Although it seems like many have gotten the memo to not use kids to heavily push their agenda, the hardcore green crowd still seems set on convincing families from the youngest on up. So when I came across this story about a “Green Team” of students from Sun Valley elementary school in San Rafael, California, petitioning Crayola to take back and recycle used markers, it was impossible not to hear the grown up agenda put into the kids’ mouths.
According to the online petition, the kids are “asking Crayola to make sure these markers don’t end up in our landfills, incinerators and oceans.”
Now you tell me, when was the last time you heard an elementary kid casually throw around the term “incinerators”? What I can believe is many of the kids saying that they like markers, but they don’t like the idea of hurting Earth.

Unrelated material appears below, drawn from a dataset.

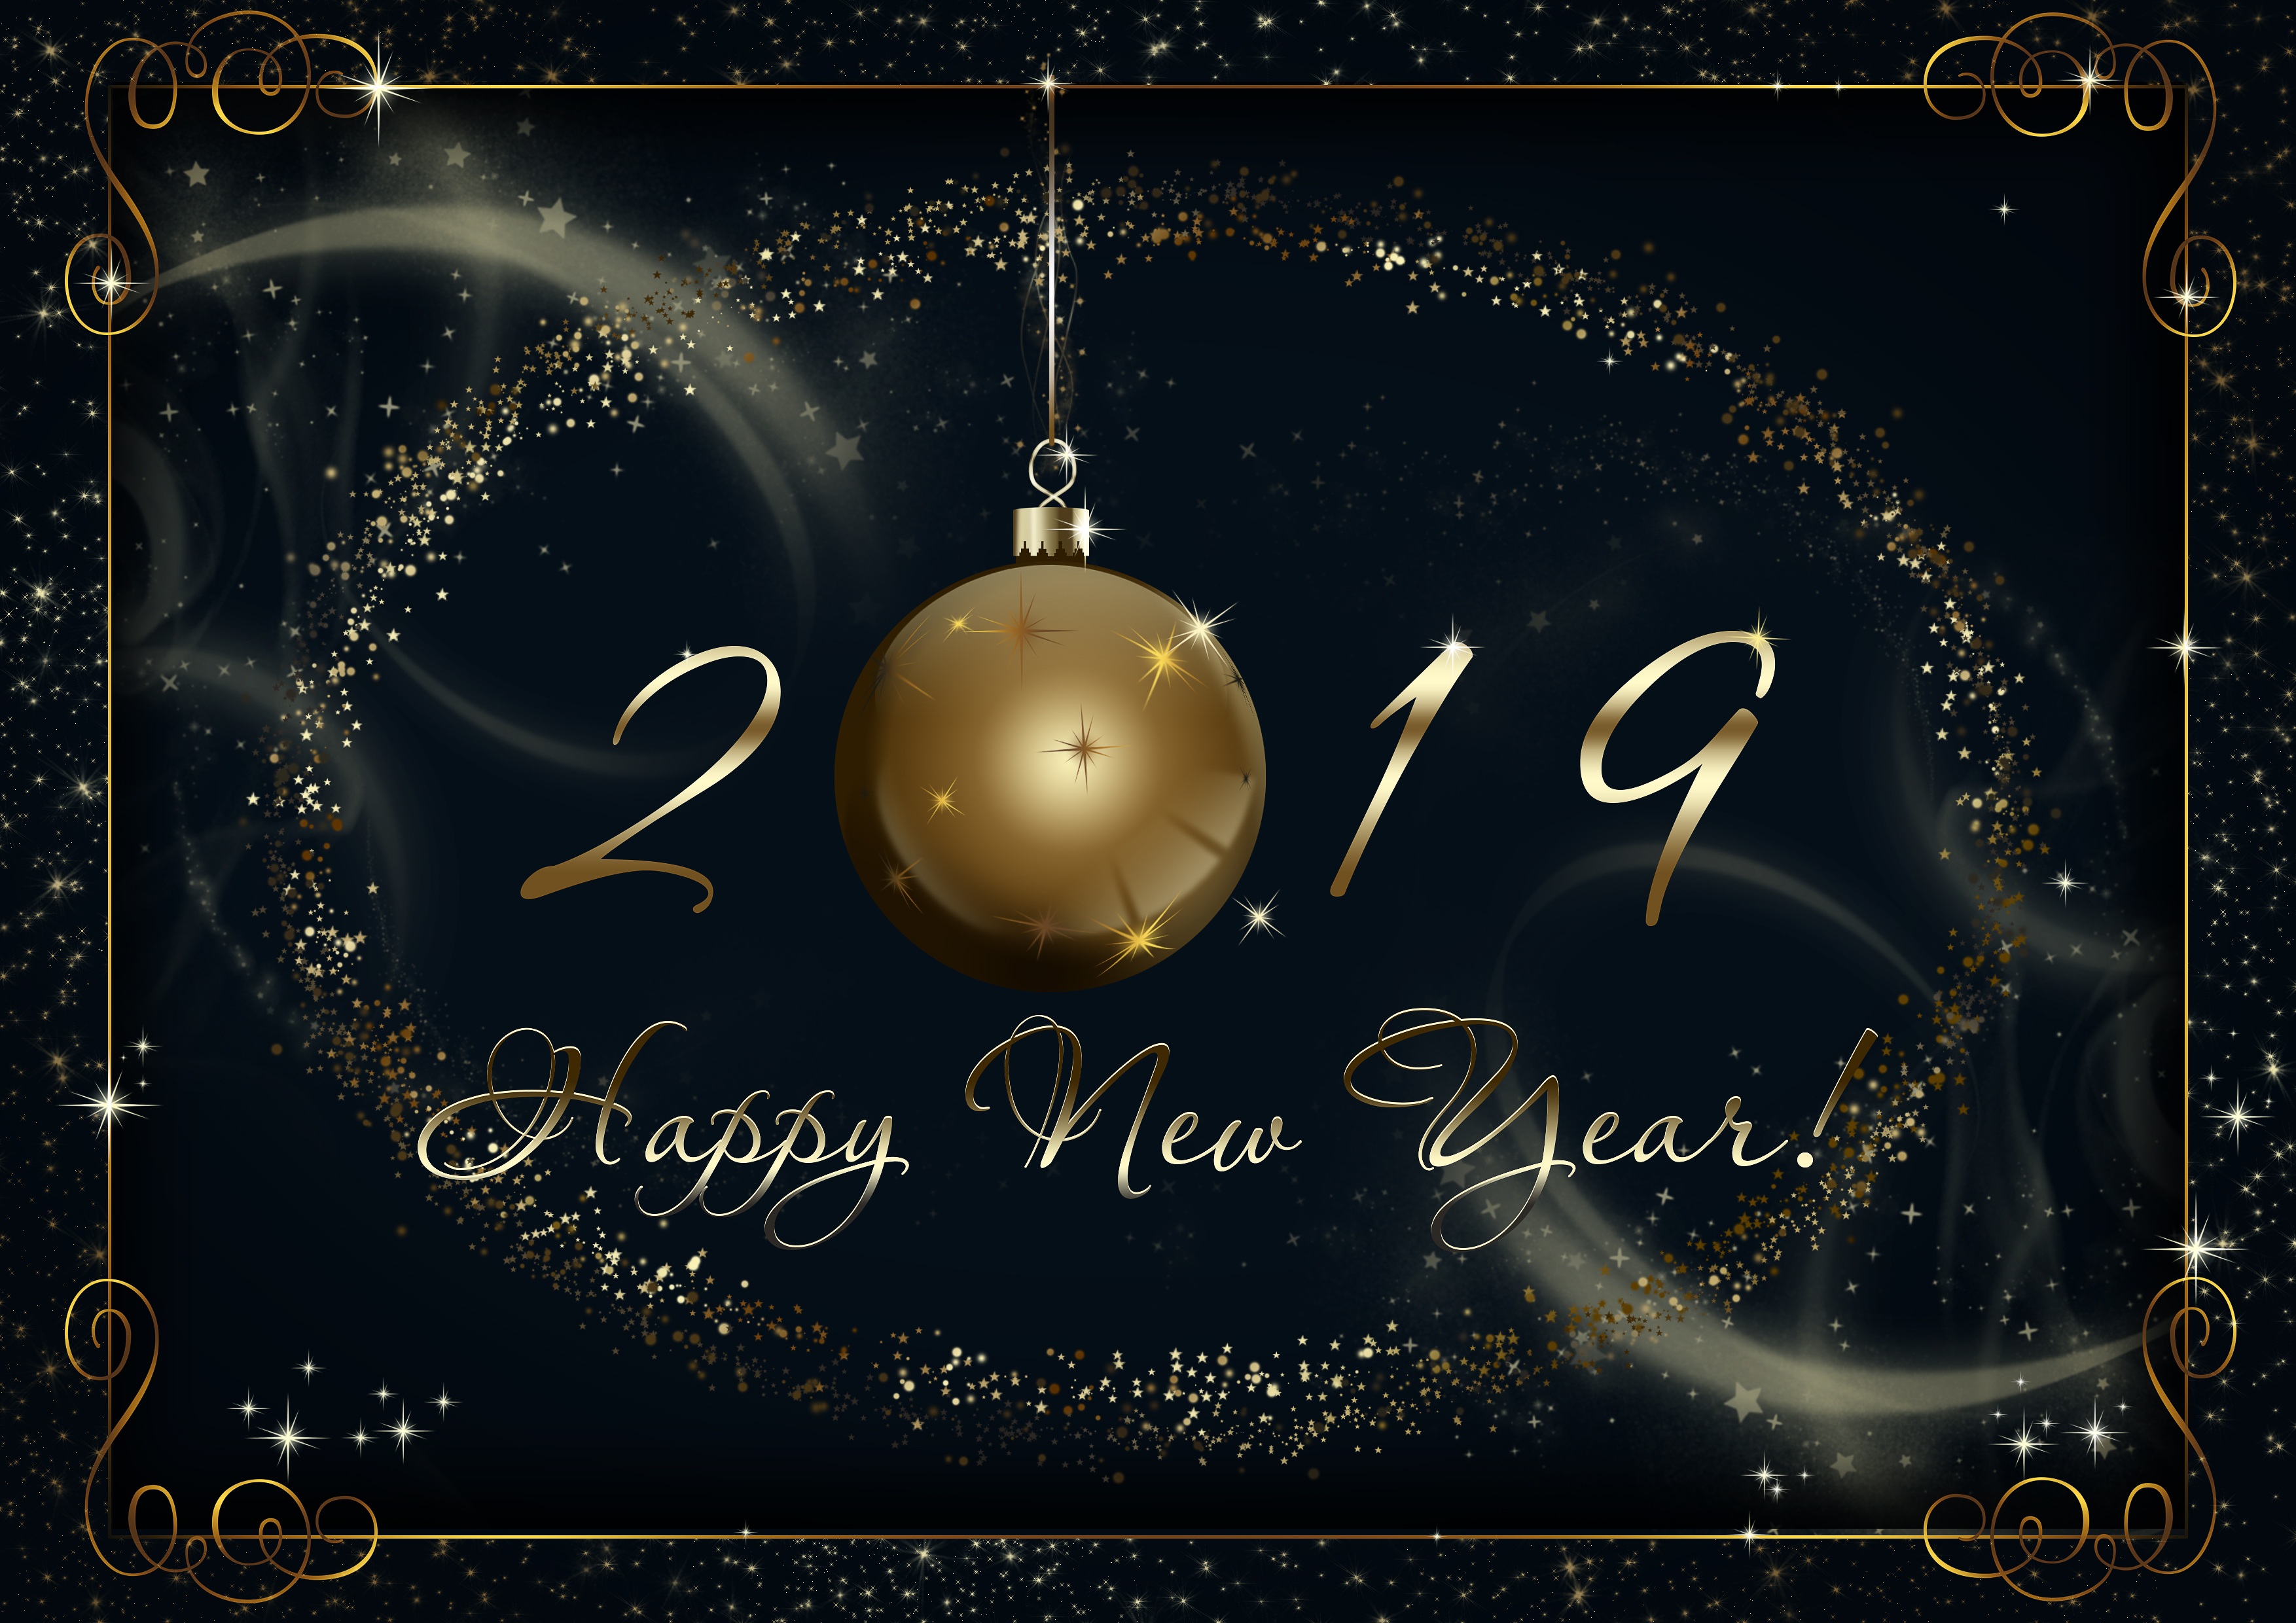 Christmas date. Happy New year открытки. Новый год 2019. Обложка для поздравления с новым годом. С новым годом по английски.

Although the kids are (as of this date) close to nailing their goal of 75,000 signatures, according to MSNBC, Crayola has already stated that it is unlikely to change:
Crayola acknowledged the good intentions but said that, for now at least, there’s no practical way to take back and recycle entire markers.
“We value and encourage children to share their ideas and appreciate the suggestion that the students of Sun Valley brought to our attention,” Crayola spokeswoman Stacy Gabrielle told msnbc.com. “At this time, we do not have the facilities or a process that will enable us to offer a take back program.”
In describing Crayola’s environmental initiatives, Gabrielle did note that the caps on each marker can be recycled at centers that take polypropylene, one of the least recyclable plastics.
Inevitably, there is actually a legitimate issue buried beneath the kid manipulation tactics: Crayola makes 500 million markers each year — enough to circle (and perhaps doodle) the earth three times over. That’s an awful lot of waste from a product that is only partially recyclable as is.
I still don’t see this elementary school Green Team boycotting Crayola any time soon. Maybe by the time they get to middle school, Xcel Energy will have stopped exaggerating their savings numbers in their LivingWise kit, too, but I’m not holding my breath.